Disclosure filings show major donors would have profited from Prop. 1 spending

On April 22nd, the people of King County voted on Proposition 1, a ballot measure to increase regressive sales and car tab taxes to prevent a plan proposed by County Executive Dow Constantine from cutting community bus services by 16% (down from his planned 17% cut after Metro reported windfall revenues of $32 million).  To the dismay of many in the King County establishment, the measure failed by a wide margin.

The campaign finance filings for the pro and anti campaigns are now available.  A review shows that many of the major donors to the pro Proposition 1 campaign, especially unions, would have directly profited from its increases in public spending.  Here’s what the numbers show:

Finding 1: The pro campaign outspent the anti side by 55 to one.

The most striking finding of the disclosure reports is that the pro campaign massively outspent the anti campaign.  The anti campaign spent $12,487.  The pro campaign spent $687,785, outspending their opponents by a margin of 55 to one.

The finding is a blow to those pushing for government-funded campaign financing.  Advocates of giving tax money to political candidates base their proposal on the assumption that private campaign giving corrupts the election process.  The vote on Proposition 1 shows that the side that spends more money, even by large amounts, does not always prevail.

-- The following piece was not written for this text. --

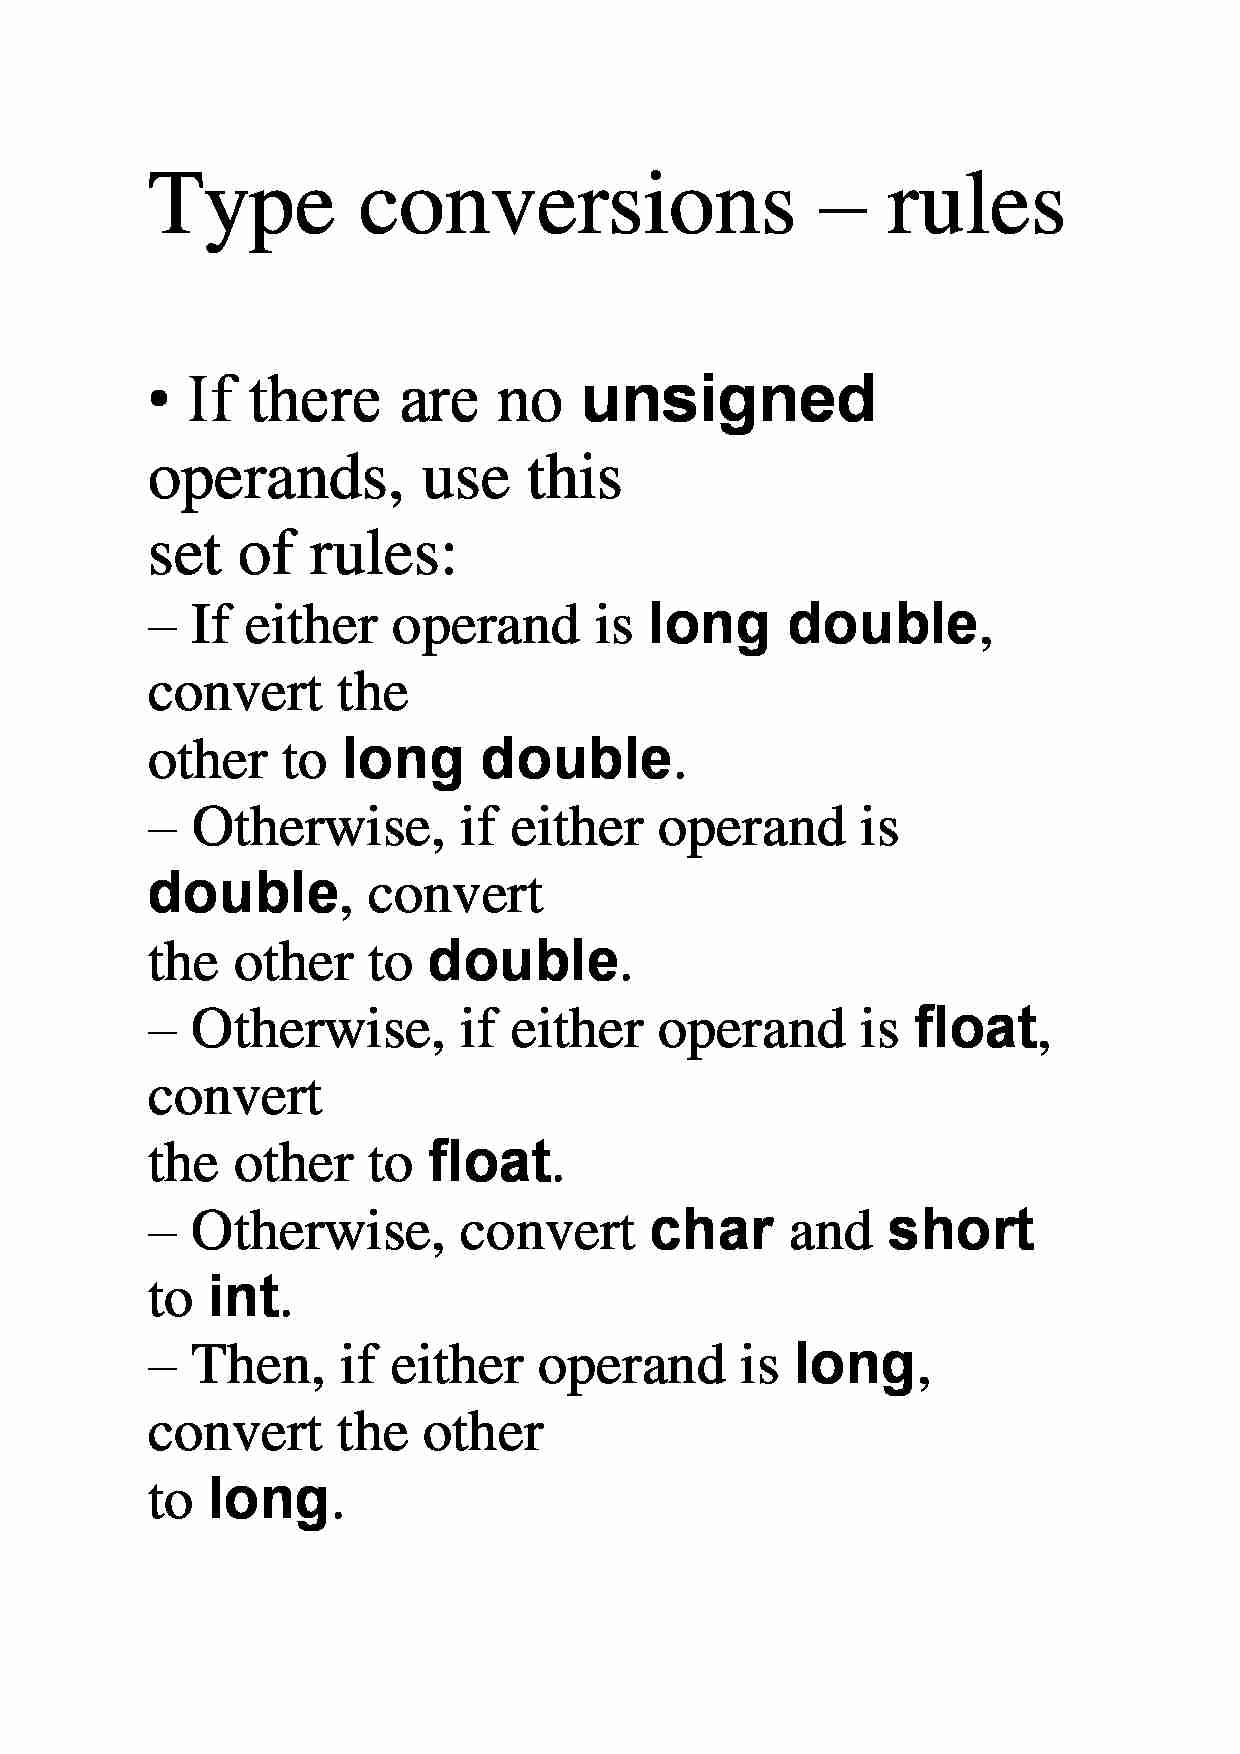 Rules of Type conversion - strona 1

Finding 2:  The largest pro campaign donors, mainly public-sector unions, would have profited from Proposition 1 spending.

Many of the pro side’s donations came from entities and businesses that would have directly profited from Proposition 1’s increase in public spending.

The largest single donor to the pro side was AFSCME-WFSE Local 1488, which gave $50,000.  The second-largest donor was the Transportation Choices Coalition, an advocacy group that lists King Country Metro, Sound Transit and City of Seattle among its partners and funders.

The third largest donor to the pro side was the Amalgamated Transit Union, which represents Metro bus drivers.

In December, the Amalgamated Transit Union rejected a pay-increase contract offered by Metro managers, arguing the County should give its members more money.  Proposition 1’s regressive tax increases would have authorized County leaders to collect $130 million more per year from people living in King County.  That revenue would have allowed County officials, in renewed contract talks, to give executives at the Amalgamated Transit Union all or nearly all of the increased money they are seeking.

Finding 3:  Nearly one-fifth of Proposition 1 campaign money came from mandatory dues.

In Washington state, unions receive money from mandatory dues taken from worker paychecks and transferred each month into union bank accounts.  When union executives make pledges to political campaigns, the money they give is taken from worker paychecks.

Workers in Washington state are not protected by a Right to Work law, which in other states gives workers the right not to join a union and still keep their jobs.  For many public-sector workers, union membership is mandatory, and the money transferred each month to the union comes from public payroll budgets.

In the case of Proposition 1, public money was deducted from worker paychecks and given to a political campaign to support passage of a ballot measure to increase regressive taxes.  Money from the new taxes would have gone to fund a bus drivers’ contract that would have increased Metro’s public payroll.  Amalgamated Transit Union dues are deducted from the same payroll.  Passage of Proposition 1 would have increased the amount of public money, through mandatory dues, transferred each month to the bank accounts of the Amalgamated Transit Union.

Finding 4: Nearly one-fifth of Proposition 1 campaign money came from just 11 unions.

Nearly one-fifth of all pro Proposition 1 campaign donations, a total of $135,000, came from just eleven unions.  Examples of the largest donors include Amalgamated Transit Union Local 587 ($20,000), and Laborers Local 242, Laborers Local 440, Aerospace Machinists #751, SEIU 1199 NW and SEIU 775 NW, which gave $5,000 each.

These 11 Union alone outspent their anti Proposition 1 opponents by more than 10 to one.

Workers were not asked individually whether they thought part of their wages should go to pay for the Proposition 1 campaign.  Many union members likely found themselves in the odd position of voting against Proposition 1, so their sales tax and car fee costs would not go up, while executives at their own union used money from paycheck deductions to promote the opposite cause.

Conclusion:  Full disclosure of political spending in the Proposition 1 campaign was not available until after the election, so the public was not aware of whether and to what extent donors on the pro side, especially unions, stood to profit from the increases in regressive taxation under the measure they were advocating.

Seattle Mayor Ed Murray has announced his own plan to increase regressive taxation in the city, and another political campaign may soon be under way.  It will be important for the public to be informed, to the extent possible, of the relationship between campaign donors and who will benefit from higher public spending under Mayor Murray’s plan.